» EXERCISE BRIEF: Each record here should be printed again exactly; please leave its pictures out.

Content starts

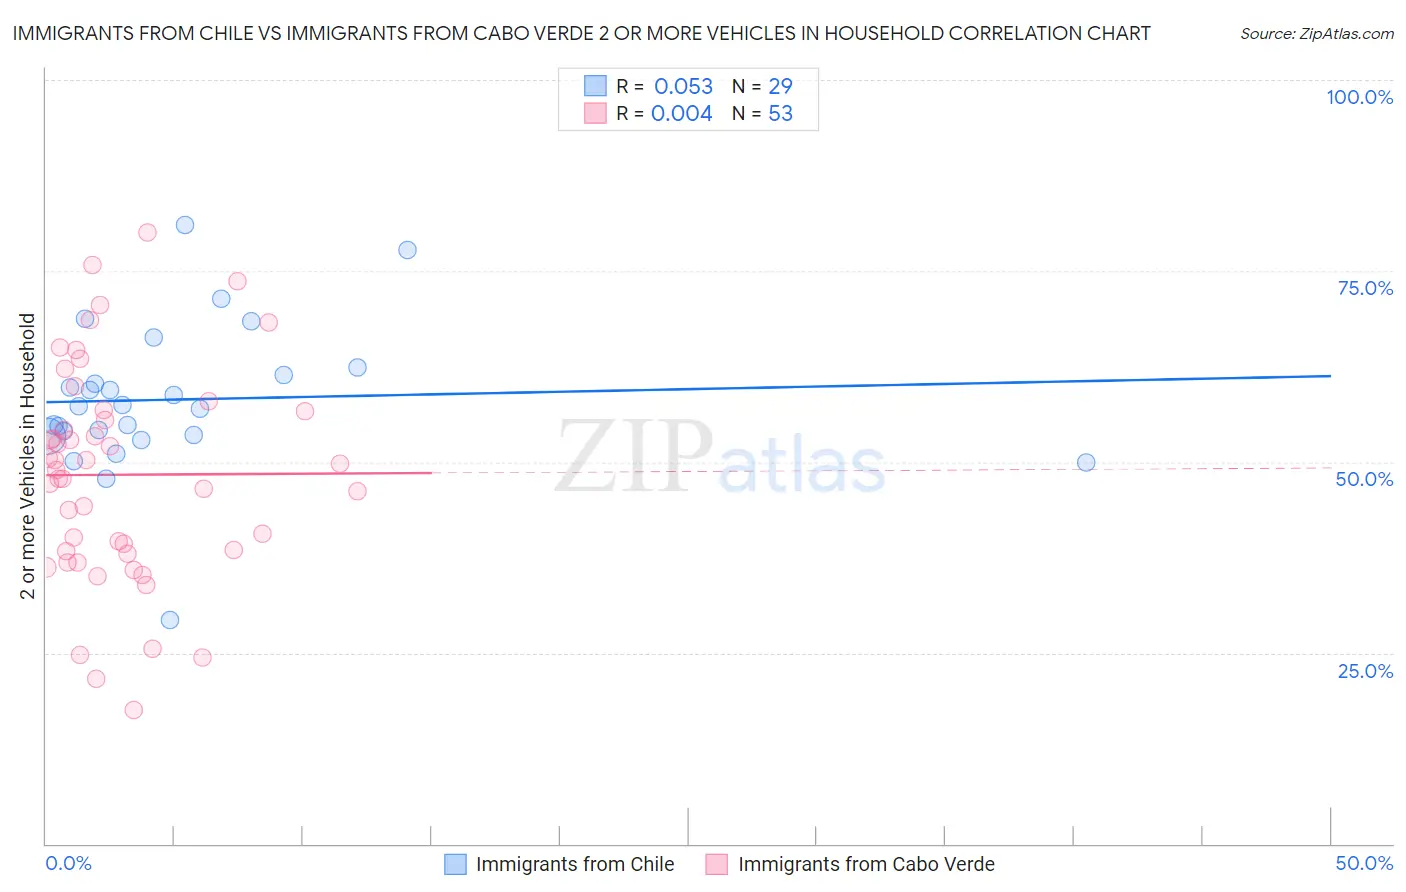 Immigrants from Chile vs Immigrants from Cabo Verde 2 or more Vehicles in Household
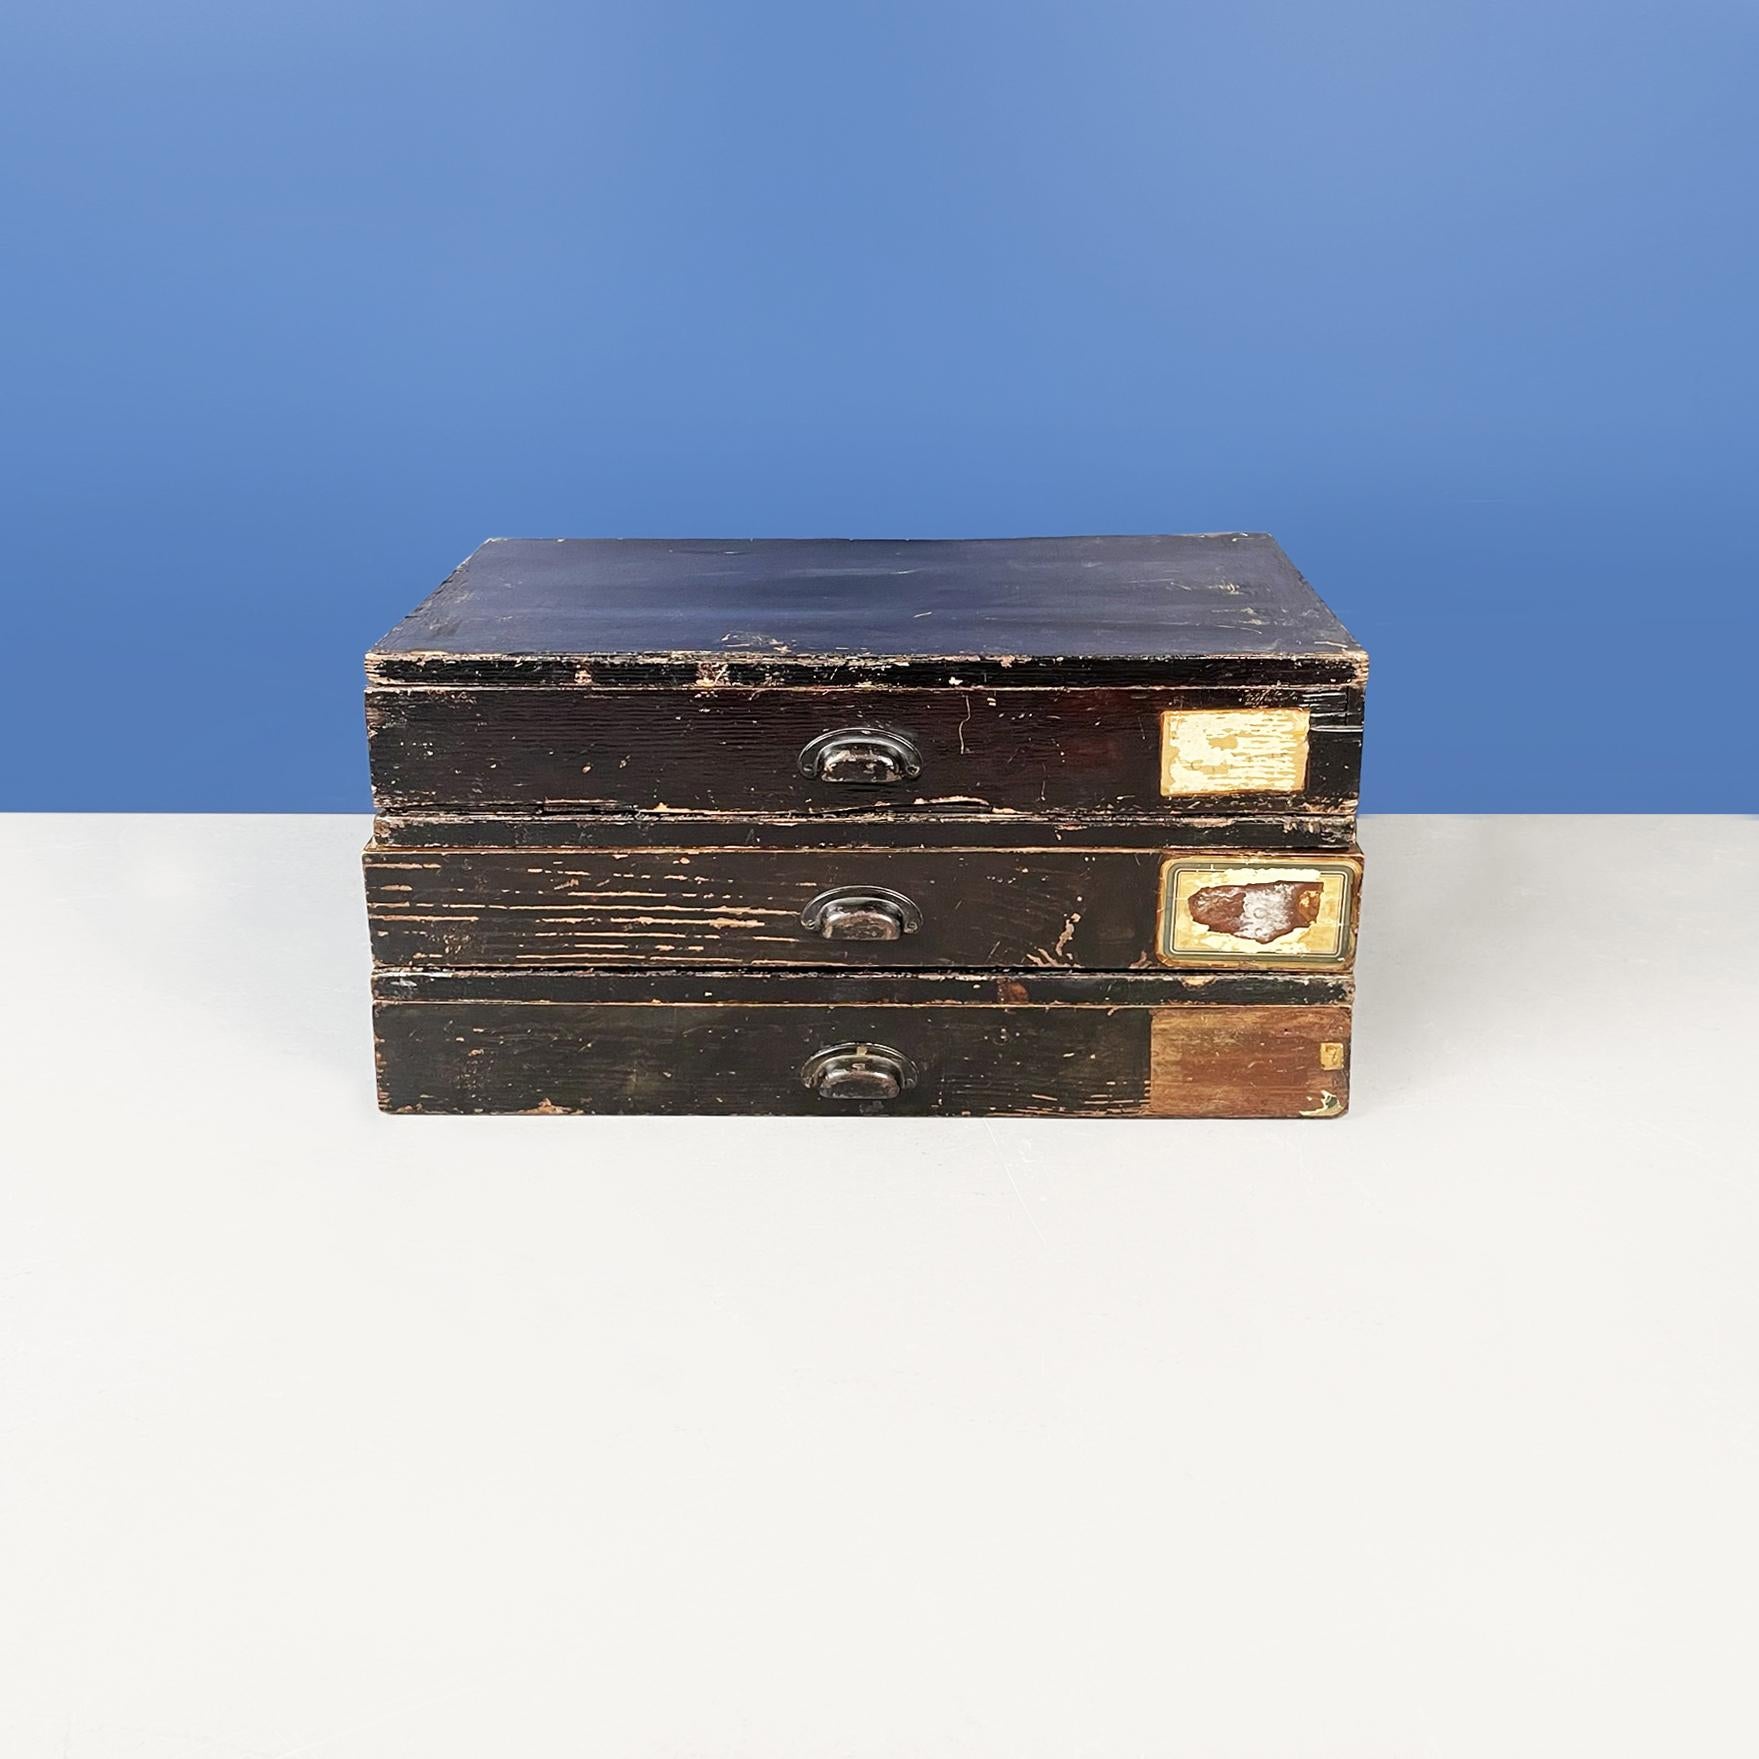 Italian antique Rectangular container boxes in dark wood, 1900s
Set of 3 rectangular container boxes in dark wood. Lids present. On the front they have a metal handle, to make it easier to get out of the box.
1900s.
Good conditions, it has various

Content ends

» PROBLEM SOLUTION:
 Immigrants from Chile vs Immigrants from Cabo Verde 2 or more Vehicles in Household
 Italian antique Rectangular container boxes in dark wood, 1900s
Set of 3 rectangular container boxes in dark wood. Lids present. On the front they have a metal handle, to make it easier to get out of the box.
1900s.
Good conditions, it has various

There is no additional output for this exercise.